Паоло всмотрелся в силуэт человека, прижимавшегося к стволу.
– Надо же, удивительно. Я даже не обратил внимания.
– А между тем, он здесь караулит уже второй час, – усмехнулась Лукреция.
– Луиджи! – крикнул граф.
Вскоре дверь приоткрылась, и в образовавшуюся щель просунулась лысая голова:
– Звали, мой господин?
– Да. Видишь человека под окном? – строго спросил Паоло. – Скажи на милость, как ты мог его не заметить? Или в этой зажравшейся стране ты и сам зажрался?
– Никак нет, мой господин! – молодцевато отрапортовал охранник. – Мои ребята наблюдают за ним. Да вон они!
Возле дома скользили тени, едва заметные даже острому глазу стрикса.
– Охраняют, – довольно пояснил Луиджи.
– Это странно… – протянул граф. – Что и кому могло от нас понадобиться?
Перед отъездом в Голландию Паоло тщательно изучил историю этой страны, ее легенды и мифы и не нашел ни одного упоминания о стриксах или другой нежити. Потом, когда клан обосновался в Амстердаме, охрана графа во главе с Луиджи обследовала город.
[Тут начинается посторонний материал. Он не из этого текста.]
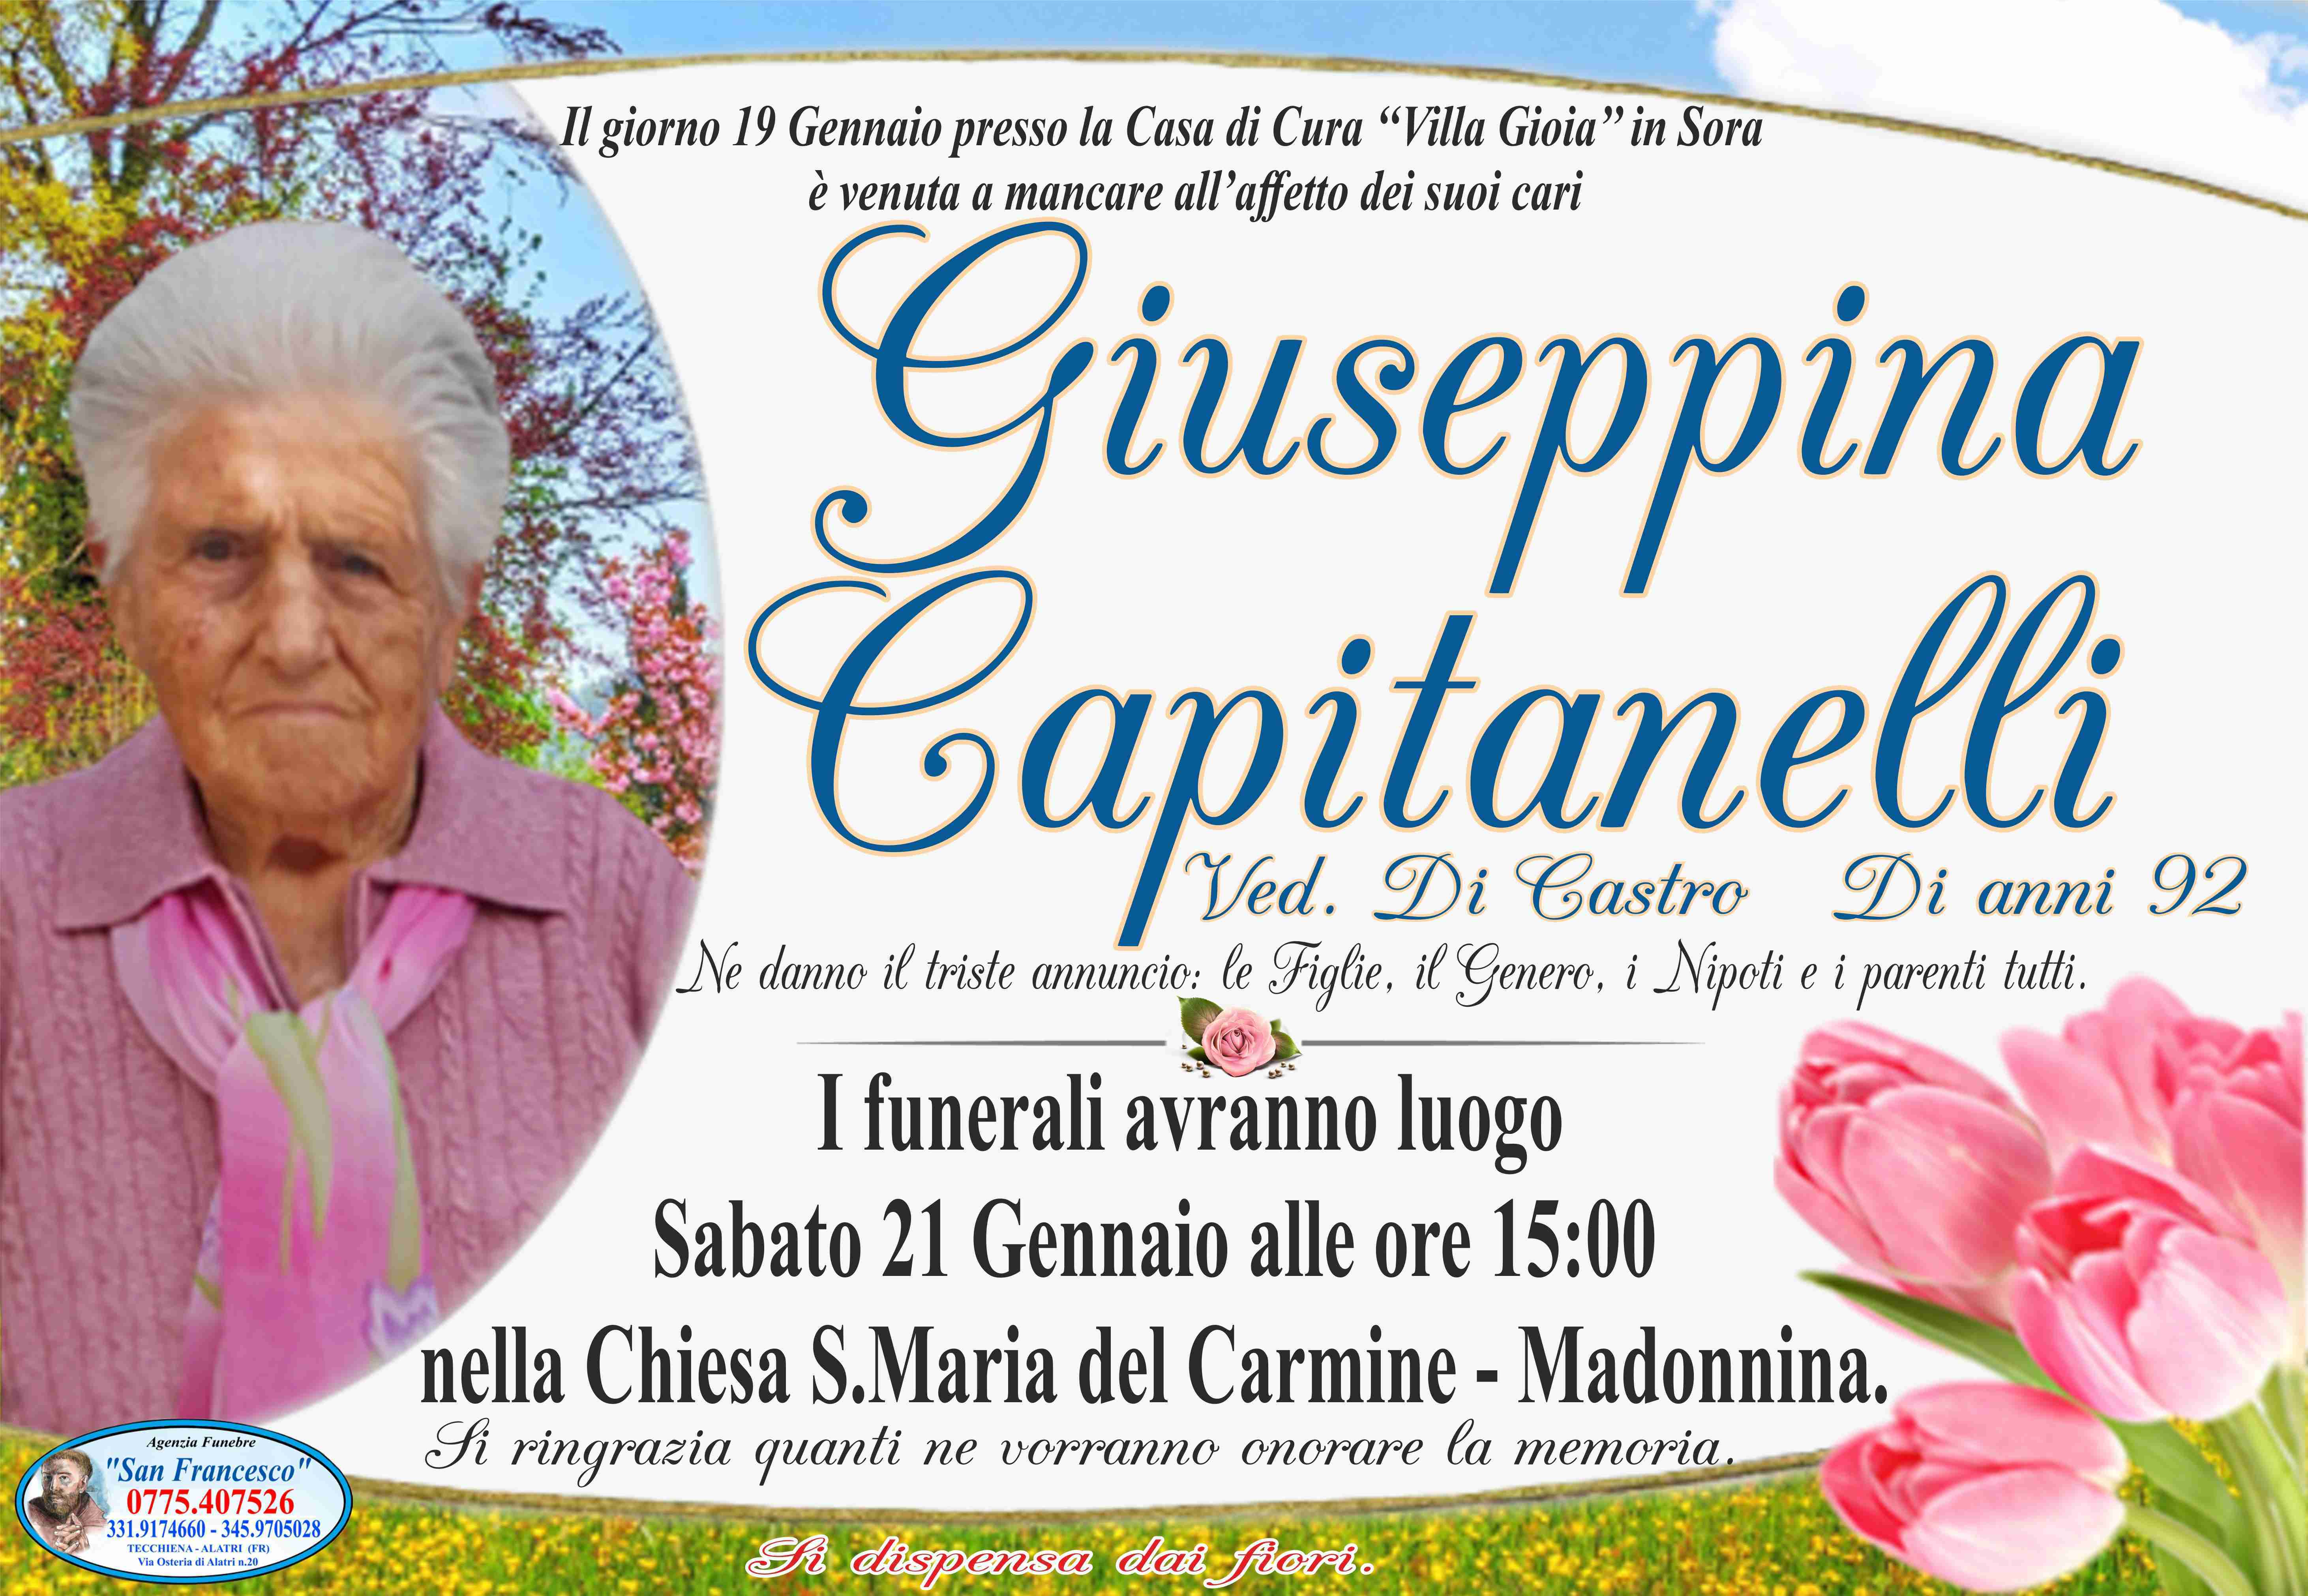 Giuseppina Capitanelli

Рыцари семьи делла Торре отправились во все концы маленькой страны на поиски тех, кто мог стать соперниками клана. Все они вернулись с добрыми вестями: стриксов в Голландии не было.
– Да что там думать? – нахмурился Луиджи. – Позволь, я отрублю ему голову!..
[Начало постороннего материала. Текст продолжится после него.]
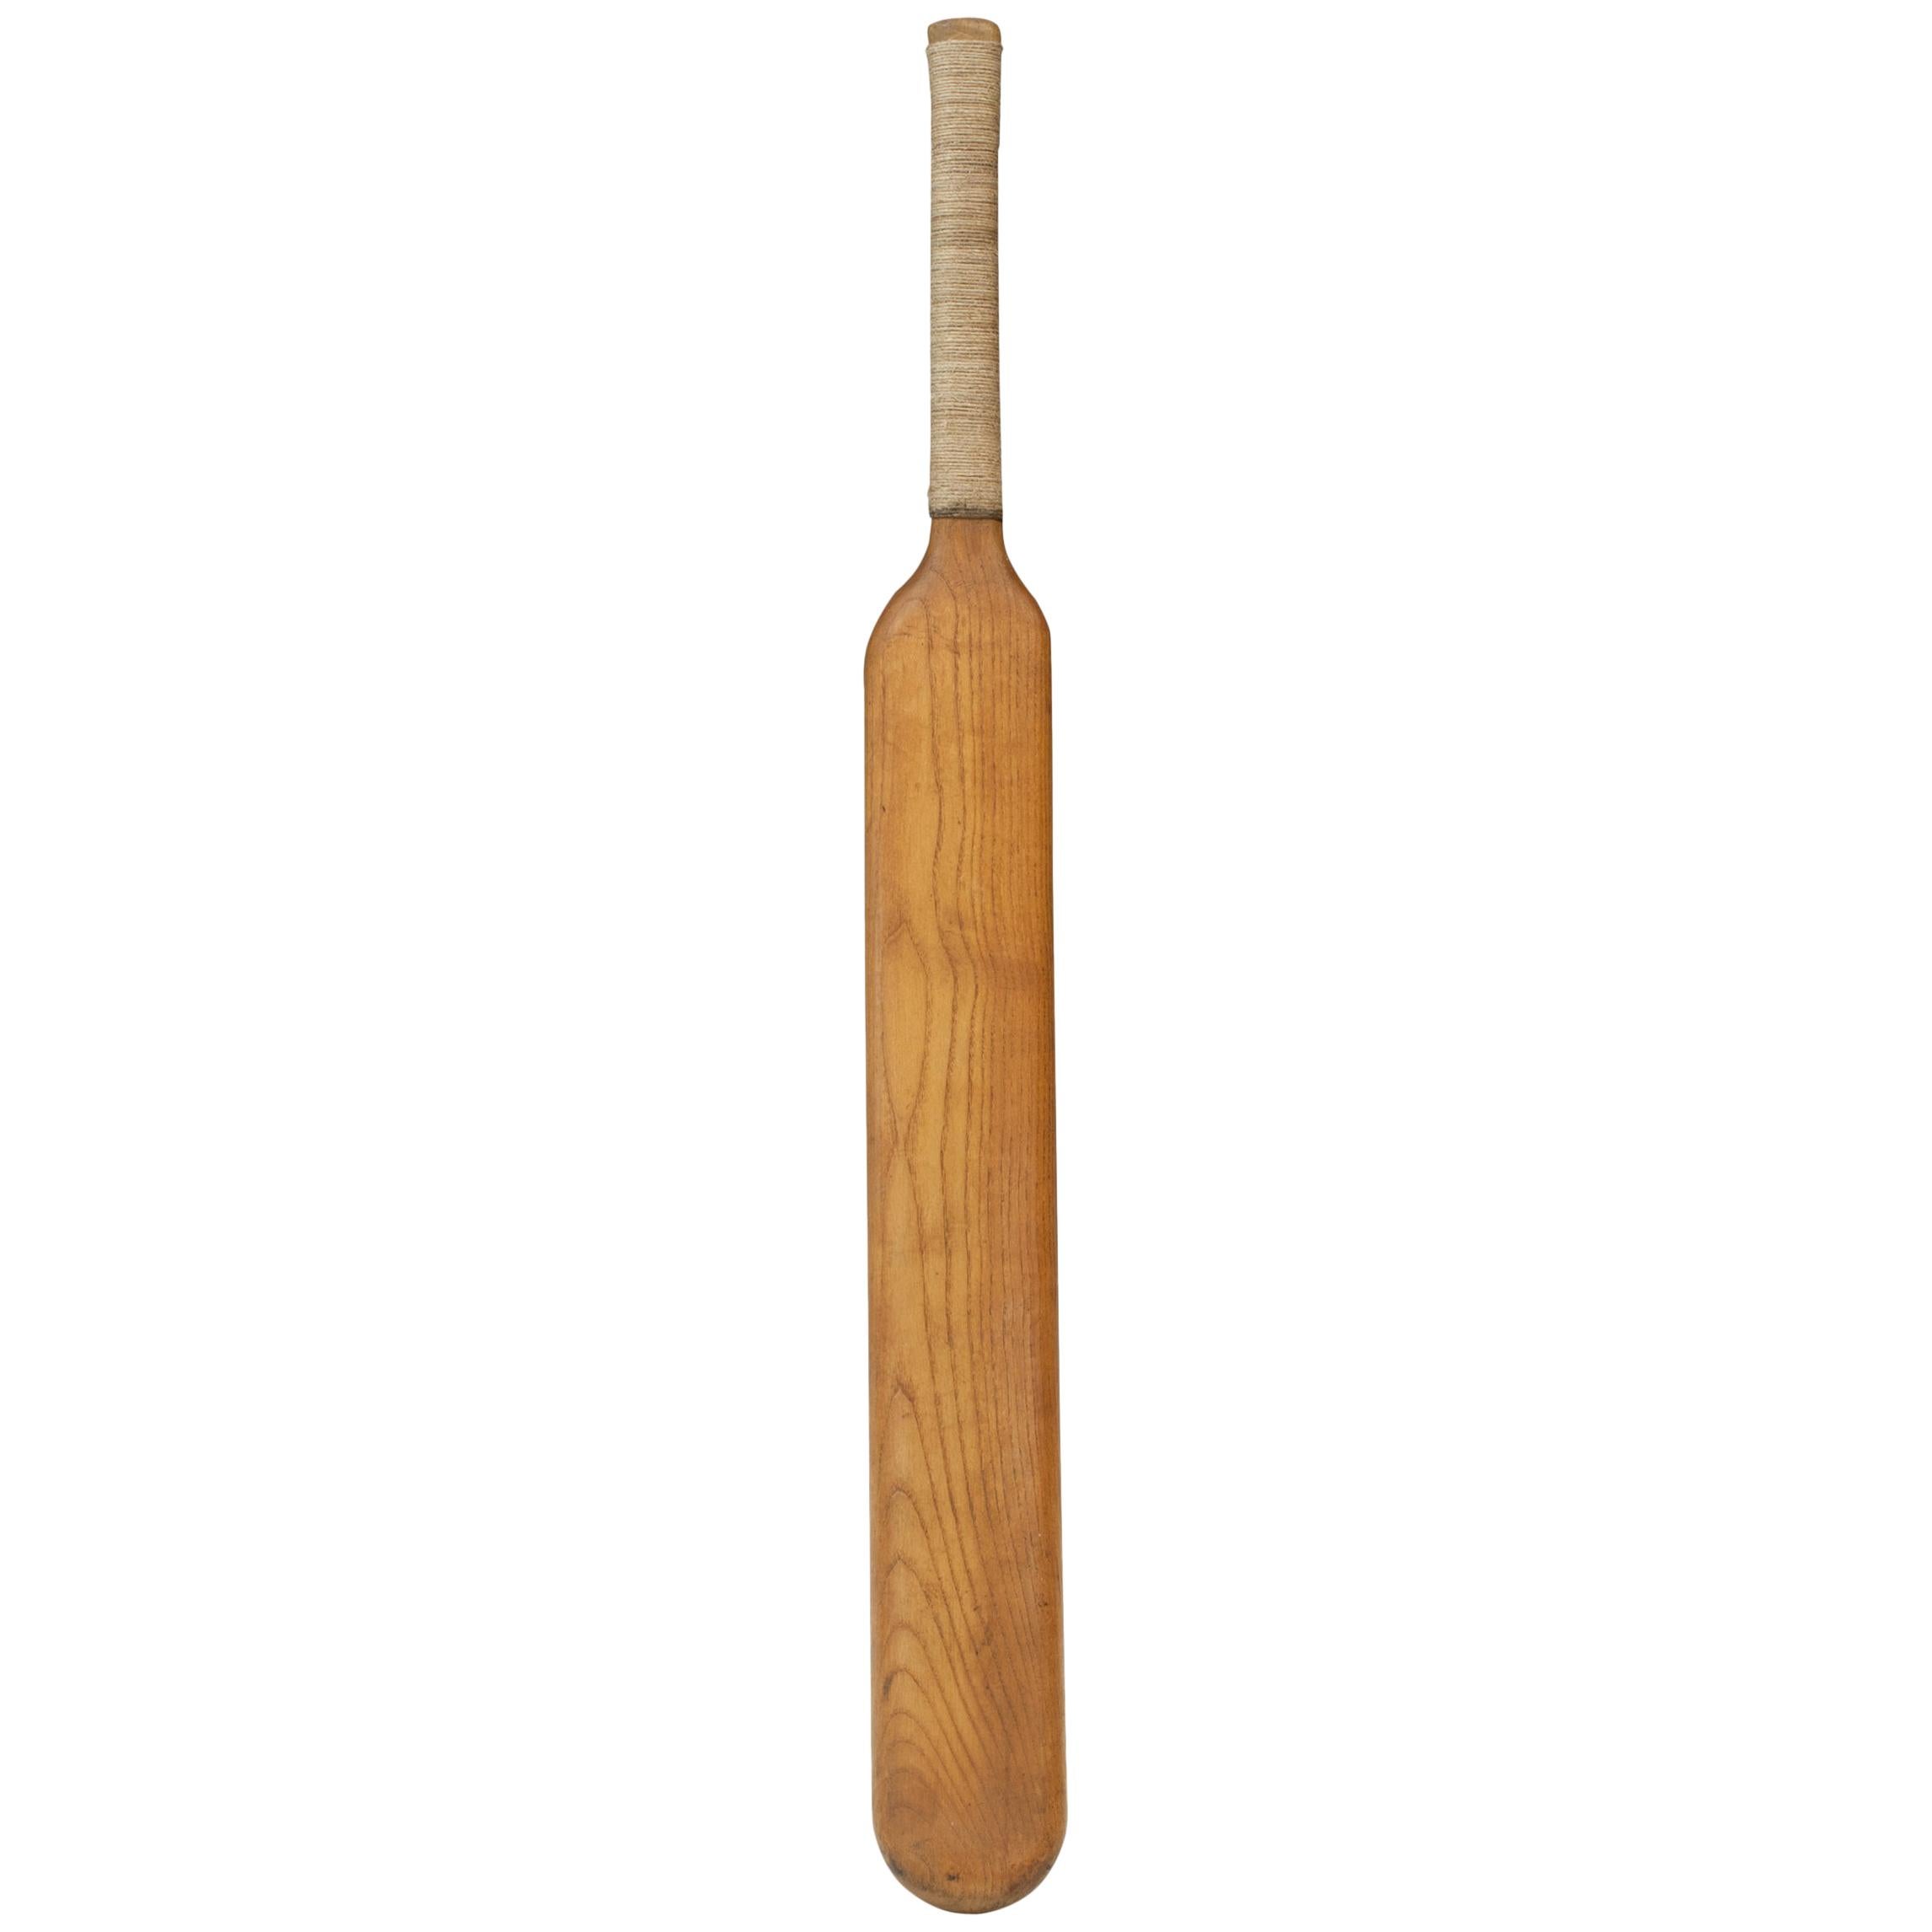 1770s Style Cricket Bat, Unusual Shape

– Друг мой, иногда мне кажется, что если обезглавить тебя, это ничуть не скажется на твоих способностях, – улыбнулся Паоло.
– Благодарю, мой господин. – Охранник польщенно поклонился.
– Пусть твои подчиненные проследят за этим человеком и узнают о нем все.
– Слушаюсь! – Луиджи вышел.
Граф с женой еще долго наблюдали за странным соглядатаем. Под утро тот выскользнул из-за дерева и быстро двинулся вдоль канала. Следом за ним потянулись три тени: стриксы выполняли приказ своего господина.
– Надеюсь, они узнают, кто решил потревожить наш покой, – пробормотал Паоло.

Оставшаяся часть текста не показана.